2018 Sardine Run in a Nutshell
Good bait balls on some days, some with brydes whales and one with a Cape Fur Seal. Excellent humpback action including breaching displays and one whale that played with us in the water for more than one hour!
2018 was a great year for sardines. Some years the bait balls are mostly composed of red-eye, mackerel or anchovies. These fish don’t behave the same. They run faster, they do not form such tights schools and they break up too quickly. Sardines on the other hand, are well behaved until the very last fish has met its demise. Consequently, when you have actual sardines, the predators behave better as well, so when we got on a bait ball, we had ample opportunity to shoot the action.
Visibility could have been better but we worked around the cloudy conditions as best we could. It did mean that we couldn’t reef dive but we had enough water clarity to enjoy good encounters at the surface.
We chummed for sharks on one day and got some interest from a couple of bronze whaler sharks but for the most part we concentrated on bait balls.
A few times during the trip we spotted cape fur seals bobbing at the surface. I have seen penguins this far north and a few other odd predators but this was a first.
One seal put on a great show. For around 30 minutes we watched him smashing the ball, deftly plucking a fish from the school with each pass.

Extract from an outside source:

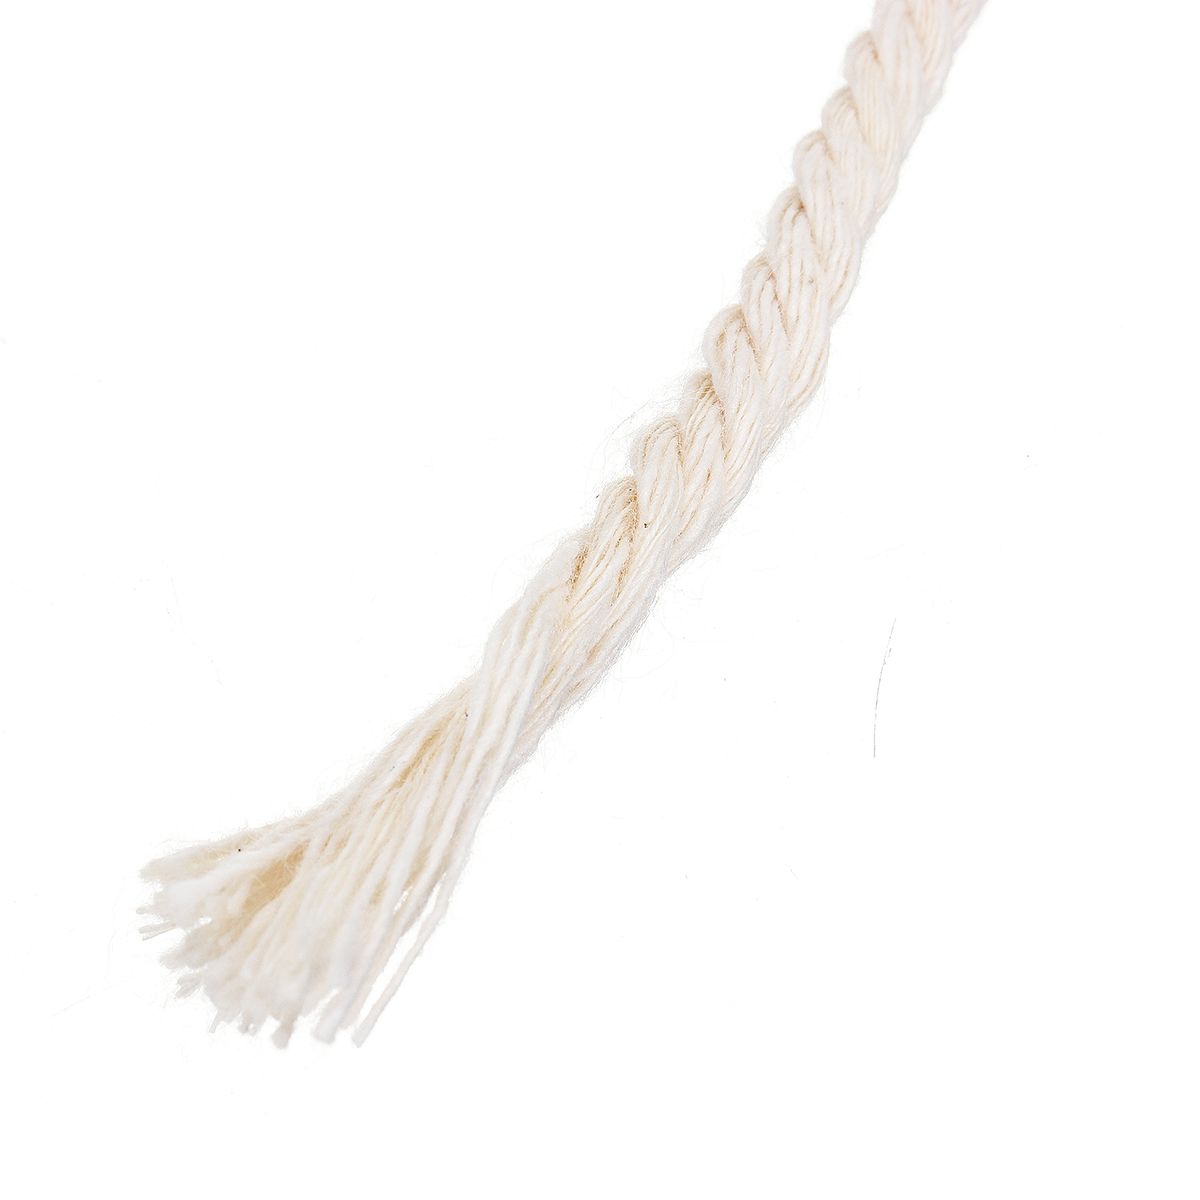 4mmx100m-Natural-Beige-Cotton-Twisted-Cord-Rope-DIY-Craft-Macrame-Woven-String-Braided-Wire-1394850

Speaking of strange encounters, we also stumbled upon a mola mola but even without a tail, it quickly outpaced me with barely a proof of life picture for my efforts.
The highlight of the trip for me was the humpbacks. Some put on aerial displays that allowed us to get breaching images, others swum past close enough for us to leap in and take underwater images.
On our last day, we had an amazing encounter with a humpback that lasted more than an hour. Whereas humpback encounters on the run usually involve jumping in in-front of the whales as they pass by, one friendly animal took a shine to us and swum and rolled around and around among the delighted divers.
The whale repeatedly spy-hopped in the middle of the group, then swum slowly, belly-up under us while we shot image after image. The encounter took place in the shallows where the visibility was extremely challenging but the whale came so close that we got an excellent look anyway. It was a fantastic end to the trip.
As usual we stayed at a lodge called The Creek where the food is delicious and the staff treat us like family. Behind the lodge, a resident troop of vervet monkeys live in the branches of a gigantic bamboo tree. They’re quite shy but with patience you can usually snap a few images of them.
No water fall visits this year because the weather was good enough for us to go to sea everyday but we did make a sunset trip to airstrip where the views of the Umzimvubu River are spectacular.